Print out the data exactly, keeping every image out of it.

** Data section **
┄┄┄┄┄┄┄┄┄┄┄┄┄┄┄┄┄┄┄┄
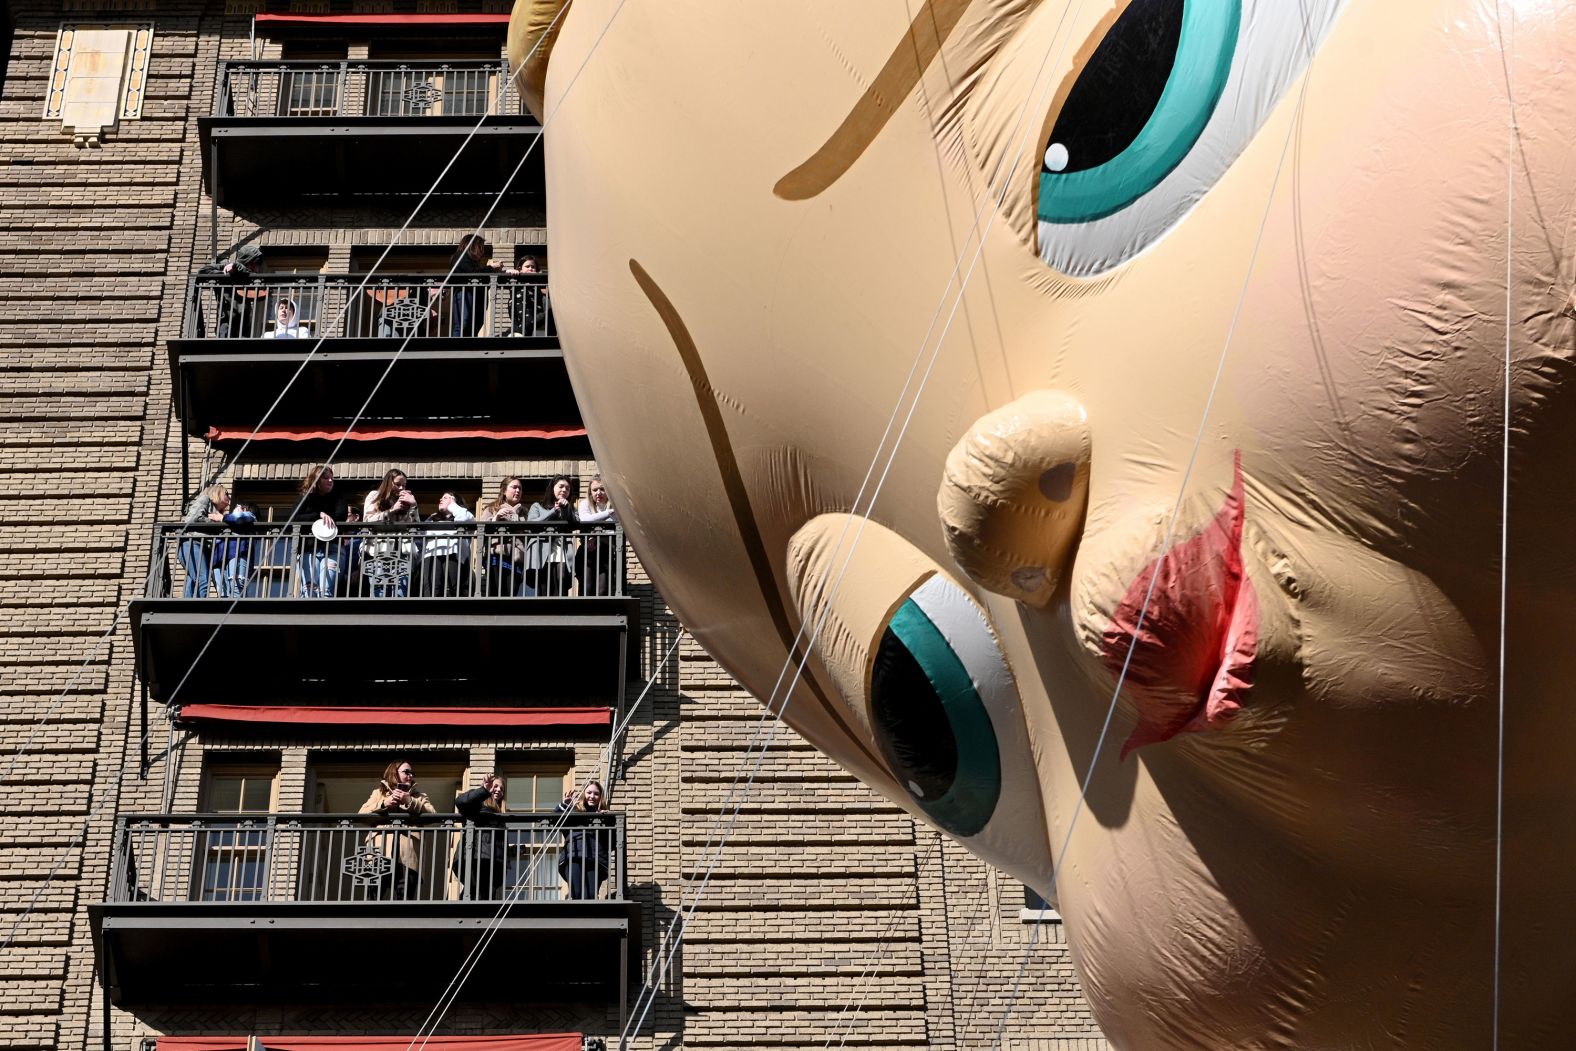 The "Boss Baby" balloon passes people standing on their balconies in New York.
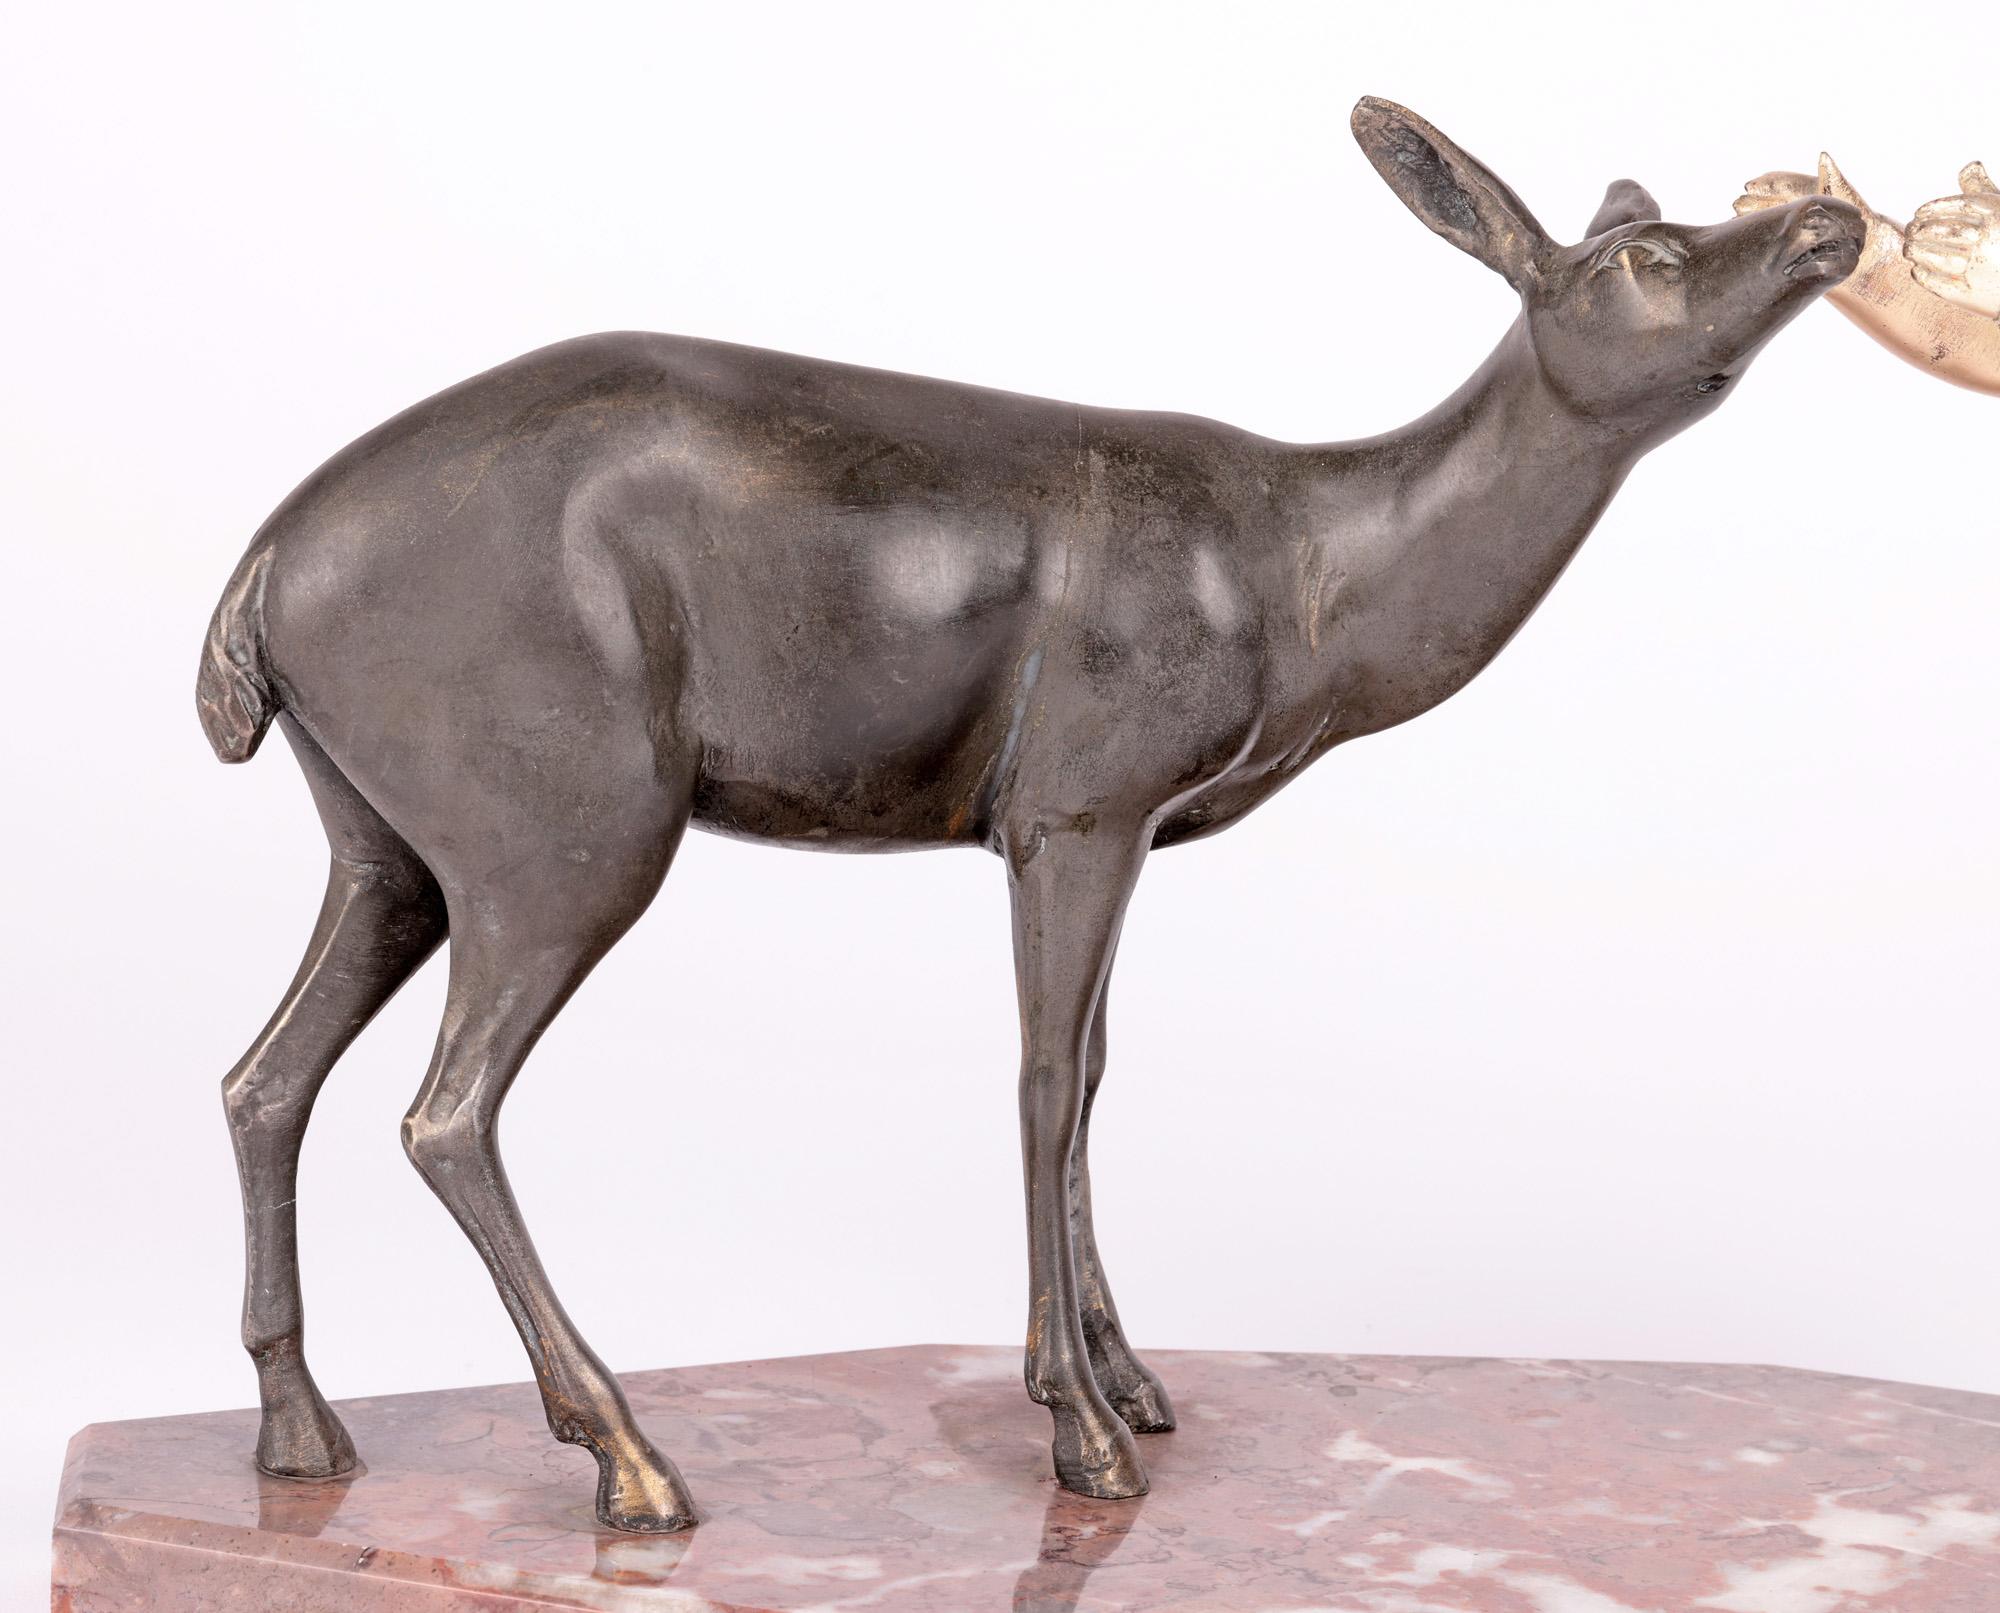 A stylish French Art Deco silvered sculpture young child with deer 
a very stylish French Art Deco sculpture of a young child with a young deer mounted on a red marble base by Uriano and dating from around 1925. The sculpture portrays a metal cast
┄┄┄┄┄┄┄┄┄┄┄┄┄┄┄┄┄┄┄┄
** Task response **
 The "Boss Baby" balloon passes people standing on their balconies in New York.
 A stylish French Art Deco silvered sculpture young child with deer 
a very stylish French Art Deco sculpture of a young child with a young deer mounted on a red marble base by Uriano and dating from around 1925. The sculpture portrays a metal cast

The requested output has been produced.